Coloco a um lado as convicções partidárias, mesmo as mais fervorosas e dependentes por razões várias. Faço apenas um exercício tendo como ponto de partida as sondagens que, alegadamente, repito, alegadamente, dizem existir um equilíbrio entre a Coligação PSD/CDS e o Partido Socialista, com os restantes partidos a uma larga distância. E neste pressuposto, questiono-me: quantos funcionários públicos, em geral, que foram tratados a pontapé, reduzindo-lhes salários através de uma enormíssima carga fiscal (não só) e direitos sociais conquistados, poderão votar na Coligação? Quantos, em particular, professores que há anos têm as suas carreiras congeladas, que são vítimas do espezinhamento profissional por dispensa (nos últimos quatro anos, Nuno Crato abateu 11.000 professores ao quadro e, este ano, 23.000 não conseguiram colocação) ou um estranho conceito de mobilidade, poderão votar na Coligação? Quantos reformados e pensionistas espoliados e ofendidos na sua dignidade, que viram os seus contratos rasgados, poderão votar na Coligação? Quantos médicos e enfermeiros, recentes e mais antigos, vítimas da exploração profissional, poderão votar na Coligação? Quantos jovens desempregados poderão votar na Coligação? Quantos, vítimas do papel comercial do BES, emigrantes ou residentes, os próprios titulares e seus familiares, que se manifestam por todo o país, poderão votar na Coligação? Quantos trabalhadores do sector empresarial privado, a recibo-verde ou não, sujeitos cada vez a mais horas de trabalho e remunerações mais baixas, sujeito a um banco de horas, poderão votar na Coligação? Quantos polícias, os milhares que se manifestaram nas escadarias da Assembleia da República, votarão na Coligação? Quantos militares que reunidos nas suas associações (oficiais, sargentos e praças) dos três ramos das Forças Armadas, ofendidos na sua dignidade, votarão na Coligação? Quantos cidadãos que tiveram de hipotecar ou devolver à banca o seu património em função de uma estúpida austeridade, poderão votar na Coligação? Quantos trabalhadores vítimas das privatizações a eito, muitas delapidando a riqueza nacional, ainda assim estão disponíveis para votar na Coligação PSD/CDS? E já agora, as manifestações, algumas com mais de cem mil pessoas, foram levianas, não sentidas e absolutamente deslocadas da realidade?

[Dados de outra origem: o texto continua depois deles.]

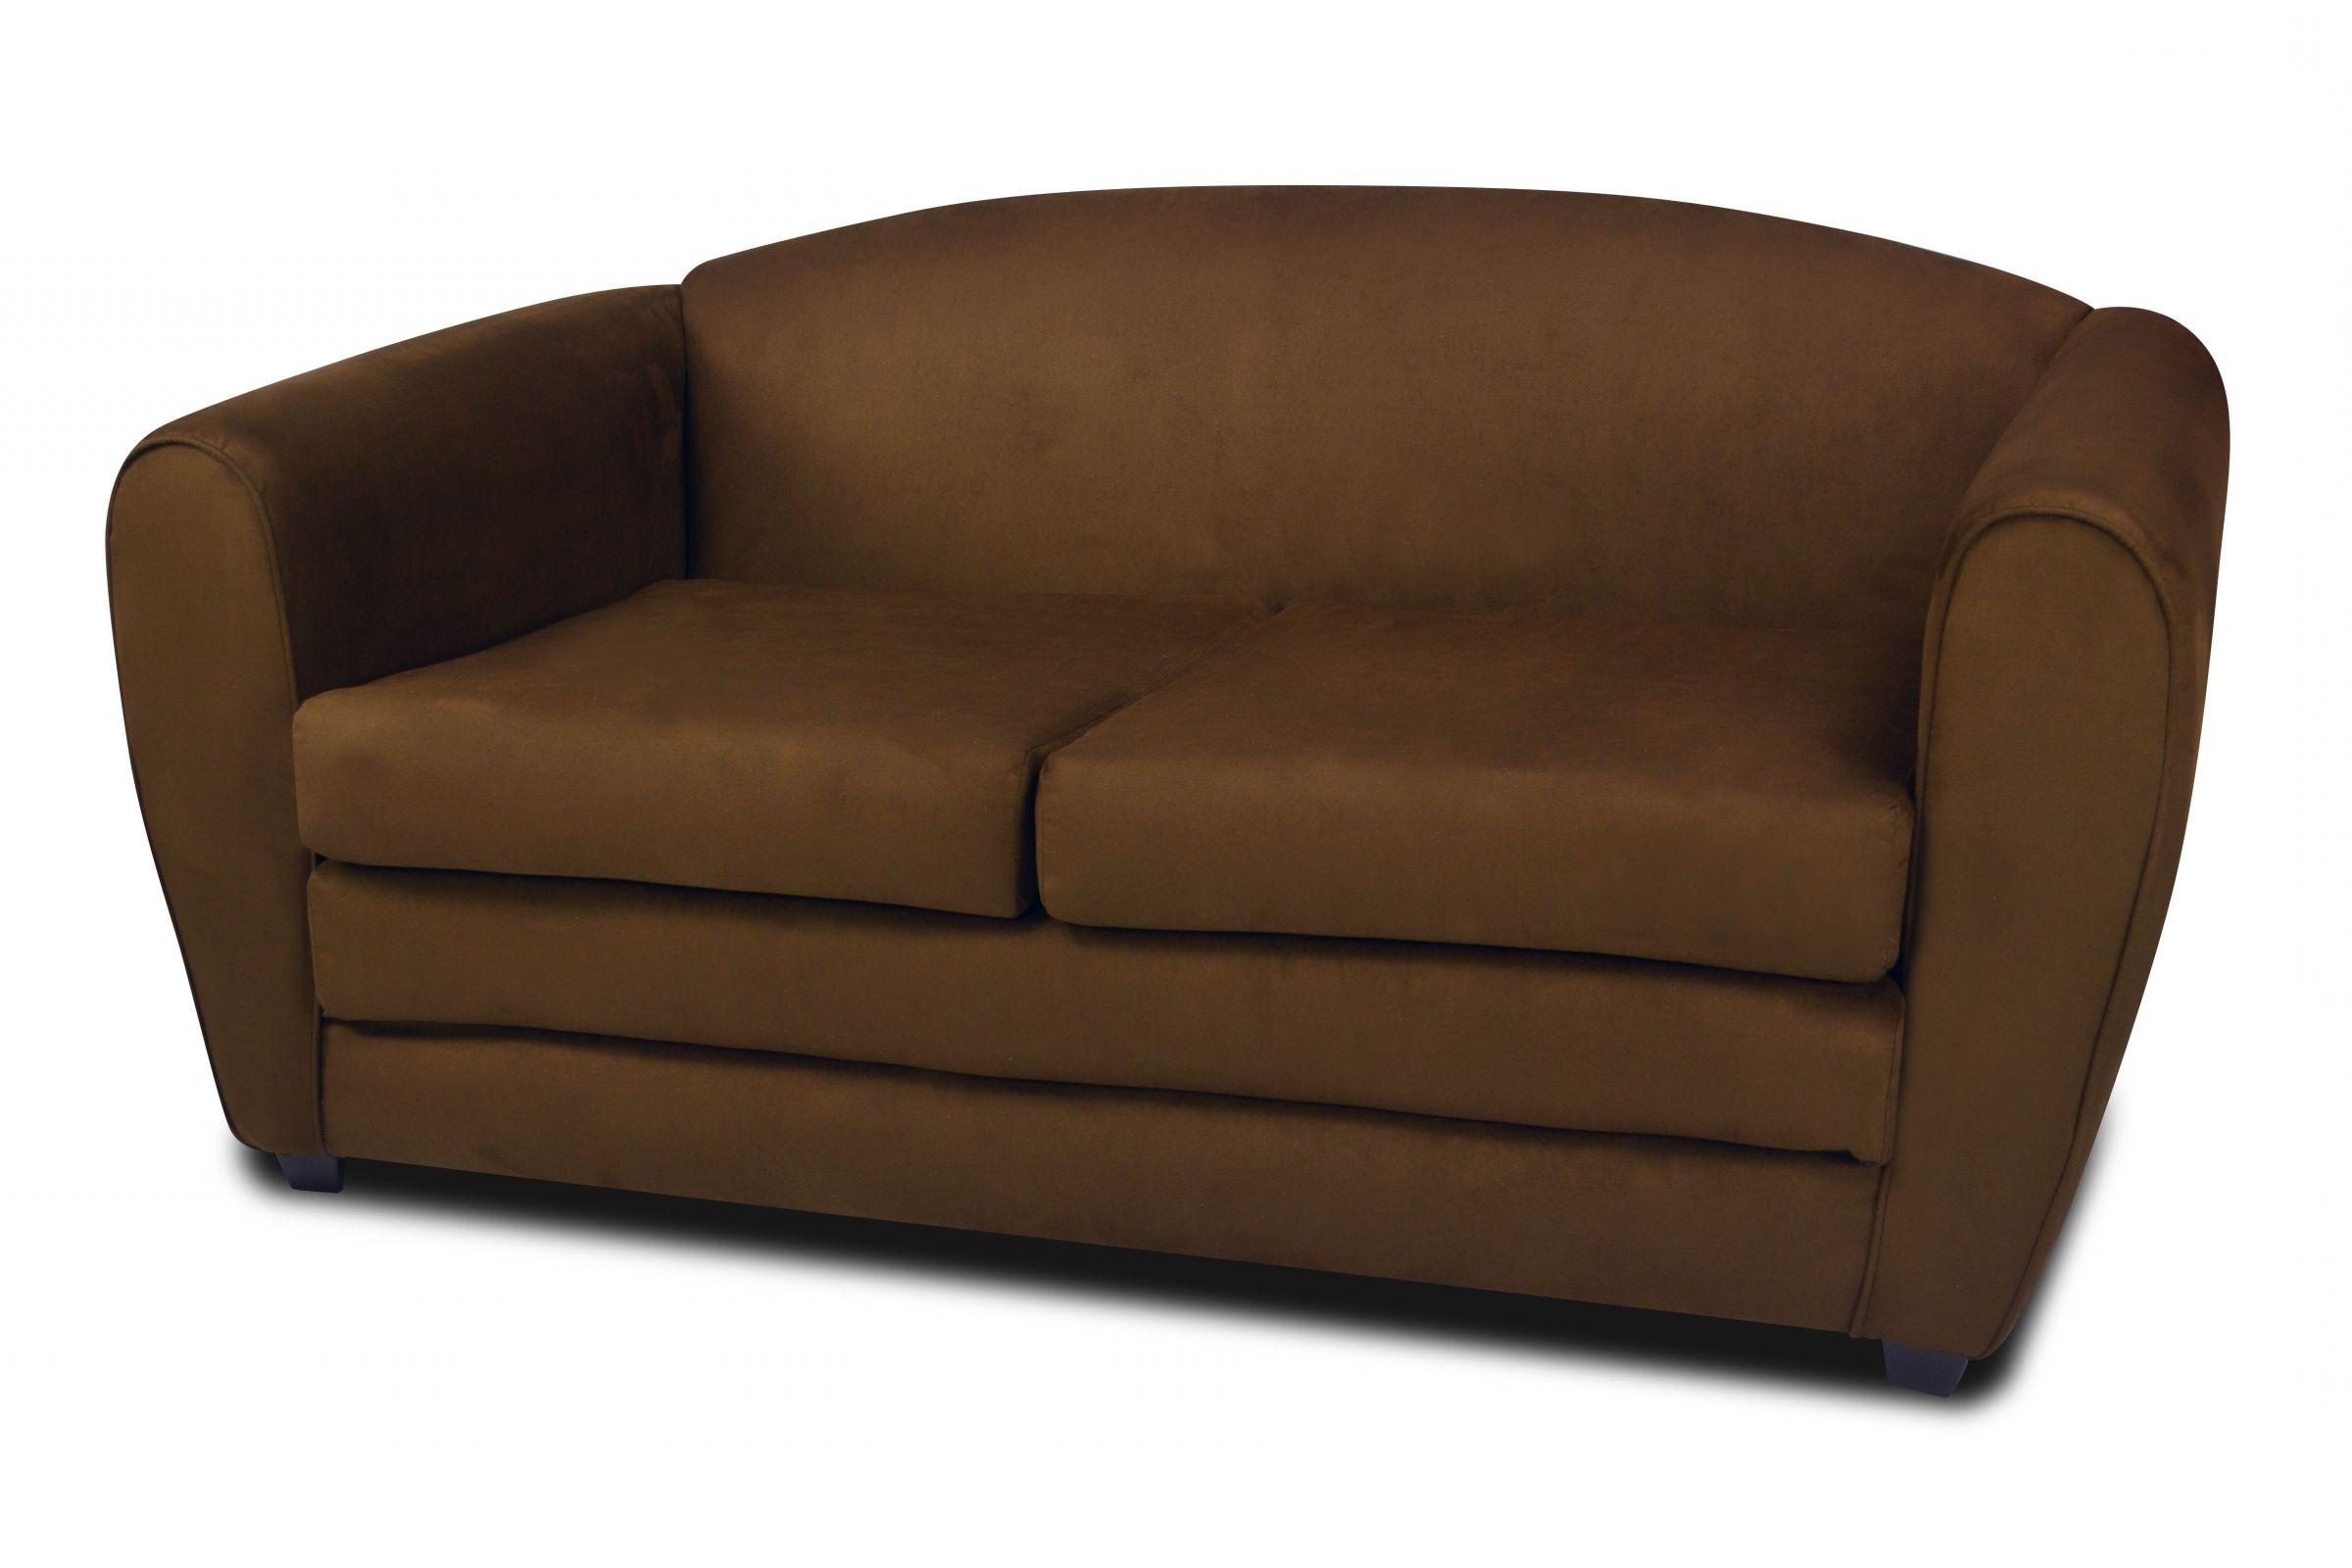 Furniture : Tufted Sectional Sofa Sofa Kijiji Ottawa Gatineau Pertaining To Fashionable Gatineau Sectional Sofas (View 19 of 20)

Há qualquer aqui que não bate certo. Estas sondagens deixam qualquer pessoa com a "pulga atrás da orelha". Serão verdadeiras? Duvido. Estará o povo a ser sincero? Duvido. Perante os factos, quando hoje se sabe que outro poderia ter sido o caminho, quando a dívida em percentagem do PIB está substancialmente pior do que estava, quando os mesmos de sempre (FMI e quejandos) apontam para a necessidade de mais austeridade (sempre a mesma receita), quando, dizem, os "cofres estão cheios" mas não devolvem o produto do roubo, pergunto-me se a "bota dá com a perdigota"?
NOTA
Li, no Funchal Notícias, uma oportuna reflexão sobre este tema da autoria do Dr. Mota Torres. Vale a pena sua leitura. Aqui.
Ilustração: Google Imagens.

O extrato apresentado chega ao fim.